This paper runs a clean head-to-head of six off-the-shelf detectors on the public AppleBBCH81 dataset for single-class apple detection. It reports mAP@0.5:0.95, mAP@0.5, precision-recall curves, and thresholded F1 scores under one shared train-val-test split and evaluation protocol. YOLO11n comes out on top for strict localization (0.6065 mAP@0.5:0.95), with RT-DETR-L and YOLOv10n close behind, and the authors note that operating-point choice matters for downstream tasks like harvesting robots. That is the main deliverable: a reproducible reference point for people who need to pick a detector for similar orchard imagery. The work is honest about its scope and sticks to standard COCO metrics without claiming new architectures or theory. The comparison is fair within the stated constraints and the threshold analysis adds some practical value over pure mAP tables. The soft spot is the single deterministic split. No standard deviations, no repeated seeds, no k-fold results, and no sensitivity test to partition choice appear in the reported results. Orchard images vary a lot with lighting, occlusion, and clustering, so the narrow gap between the top three detectors could easily flip under a different split. The authors acknowledge the dataset challenges but do not quantify how much the ranking depends on this one partition. Scope is also narrow—one crop, one public dataset—so the guidance stays specific rather than general. This is the kind of paper that helps practitioners in agricultural robotics or yield estimation who want a starting point for detector selection. It is not for readers looking for new methods or broad theoretical claims. I would bring it to a reading group as a quick case study on benchmark pitfalls, but I would not cite it in my own work. It deserves peer review because the empirical protocol is clear and the results are falsifiable, though any referee should ask for split-robustness checks before acceptance.

Referee Report

1 major / 1 minor

Summary. The manuscript presents a benchmark comparison of six object detectors (YOLOv10n, YOLO11n, RT-DETR-L, Faster R-CNN with ResNet50-FPN, FCOS with ResNet50-FPN, and SSDLite320 with MobileNetV3-Large) for single-class apple detection on the public AppleBBCH81 dataset. It uses one deterministic train-validation-test split and a unified COCO-style evaluation protocol, reporting mAP@0.5 and mAP@0.5:0.95 values along with precision-recall curves and fixed-threshold F1 scores. The primary result is that YOLO11n attains the highest validation mAP@0.5:0.95 of 0.6065 (and mAP@0.5 of 0.9620), with secondary observations on threshold robustness and downstream-task implications for orchard applications.
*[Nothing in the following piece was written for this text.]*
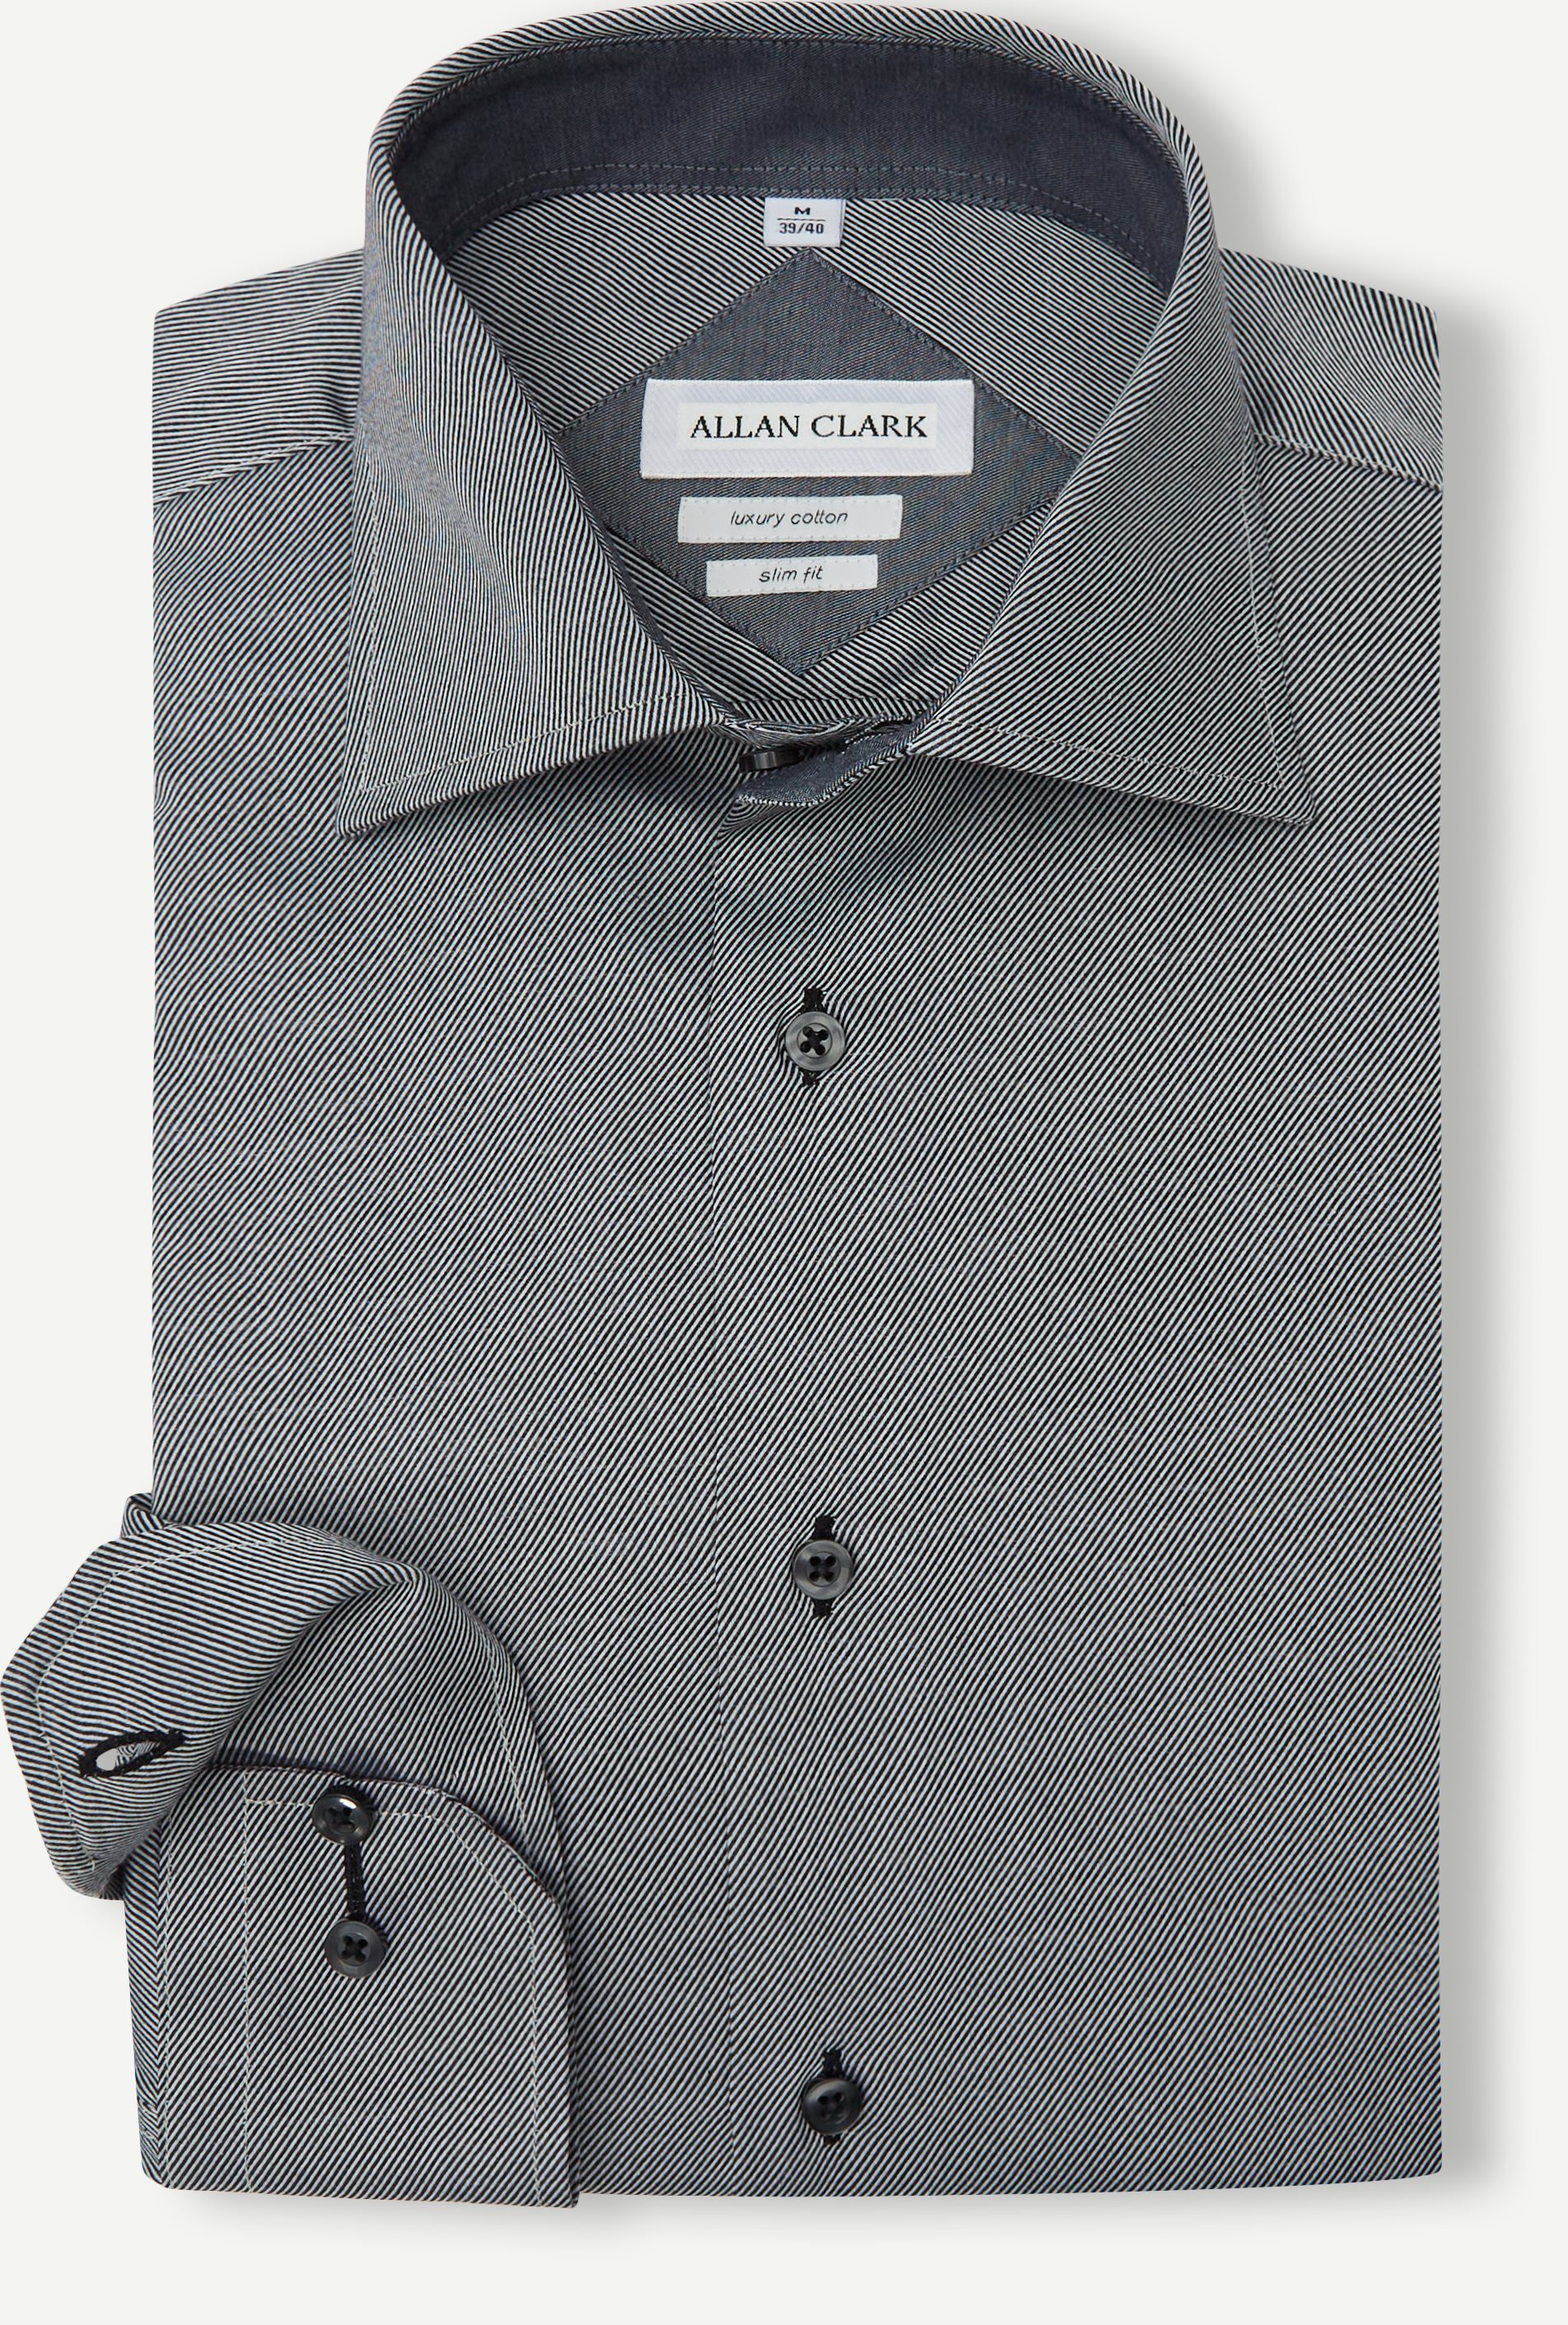 Allan Clark Shirts PRINCE Grey
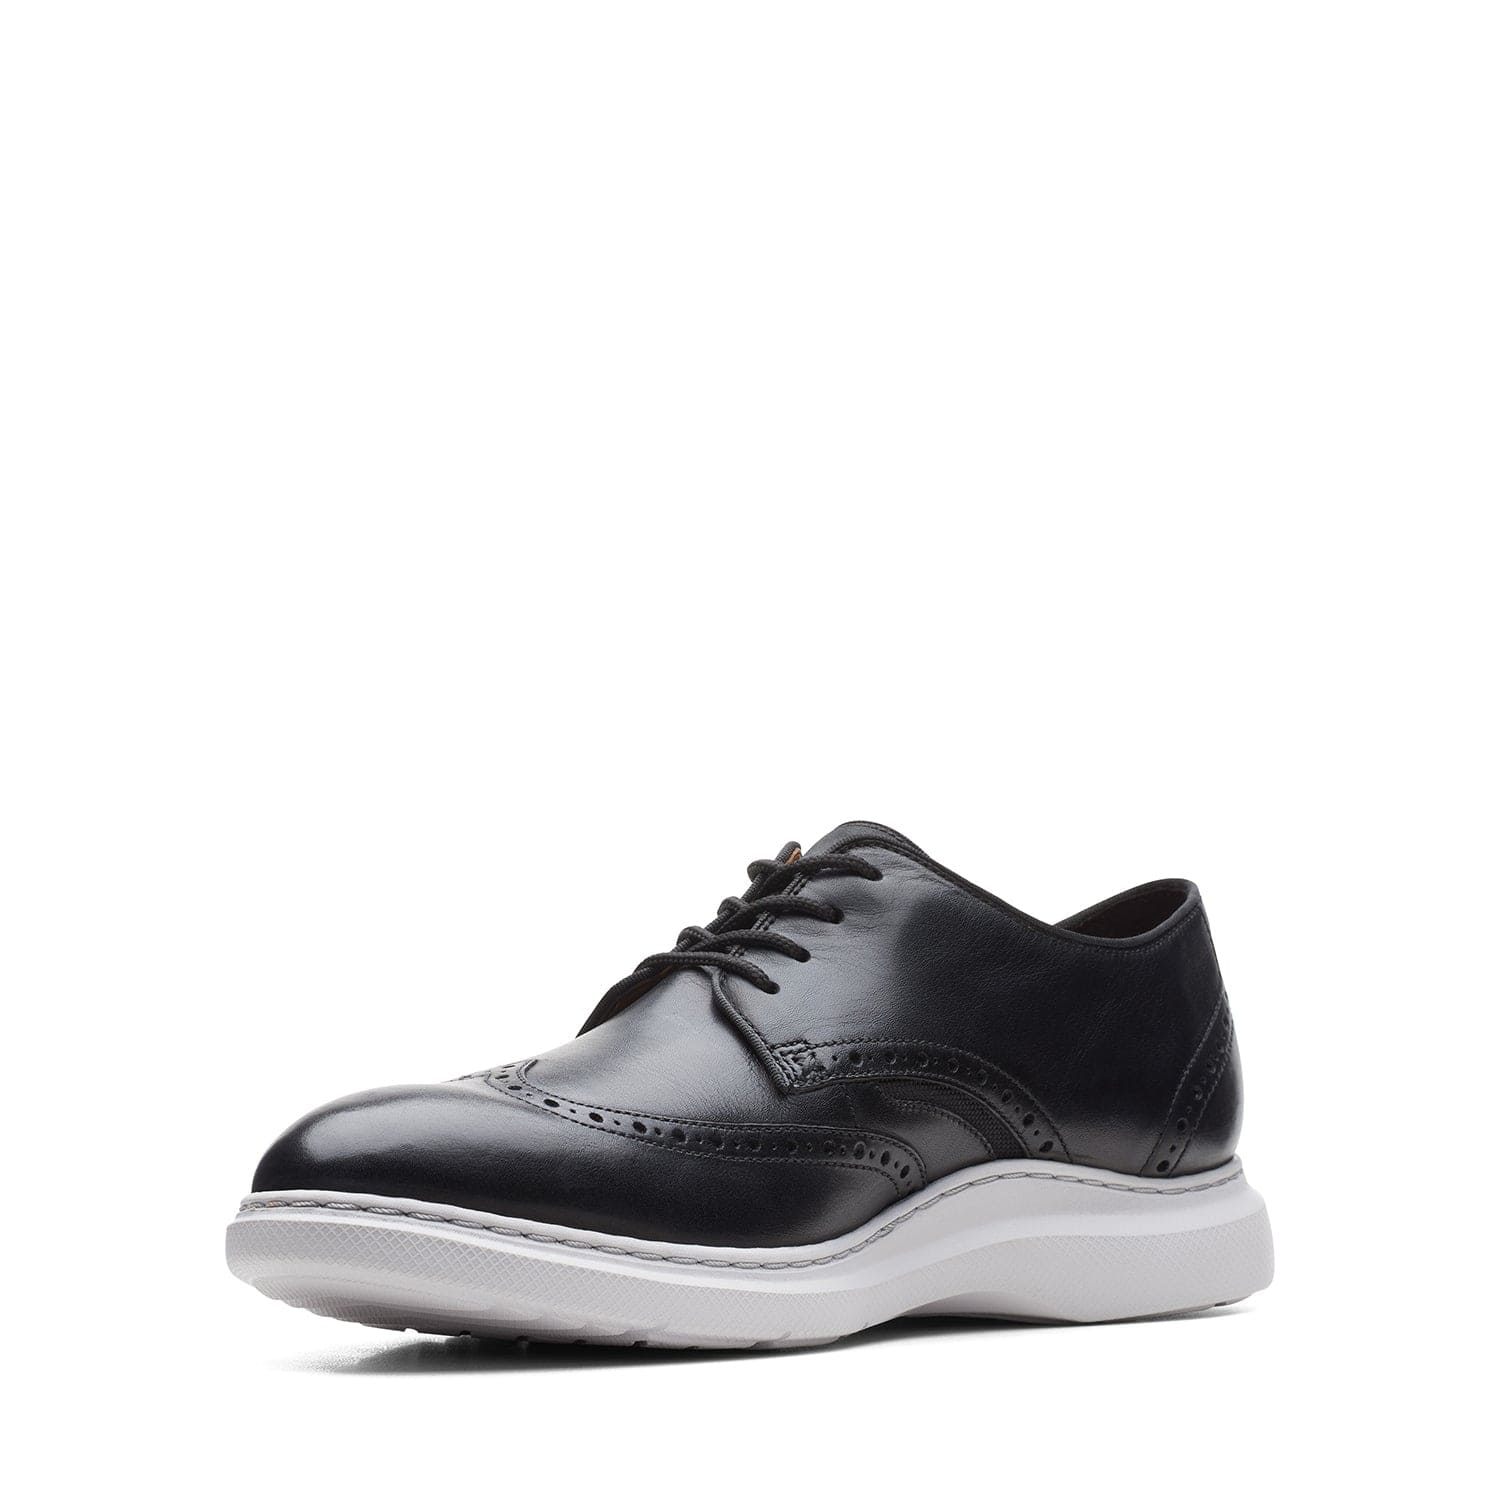 Clarks Dennet Wing Shoes - Black Leather - 261629107 - G Width (Standard Fit)

Significance. If the reported detector ordering proves stable, the work supplies a useful, reproducible reference point for agricultural vision systems, clarifying trade-offs between strict localization accuracy and operating-point behavior under realistic orchard variability. The public dataset and standard metrics support direct follow-on comparisons.

major comments (1)

[Abstract and evaluation protocol] The central claim that YOLO11n achieves the best strict localization performance (mAP@0.5:0.95 = 0.6065 on the validation split) rests on a single deterministic train-validation-test partition with only point estimates. No standard deviations across random seeds, no k-fold results, and no sensitivity analysis to split choice are reported. Given the documented high variability from illumination, occlusions, and clustering, the observed ranking versus RT-DETR-L and YOLOv10n could reverse under a different partition, rendering the comparative conclusions unreliable.

minor comments (1)

The abstract states that a 'unified evaluation protocol' is used, yet the precise training hyperparameters, augmentation strategy, and optimizer settings are not summarized; these should be tabulated in the methods section to enable exact reproduction.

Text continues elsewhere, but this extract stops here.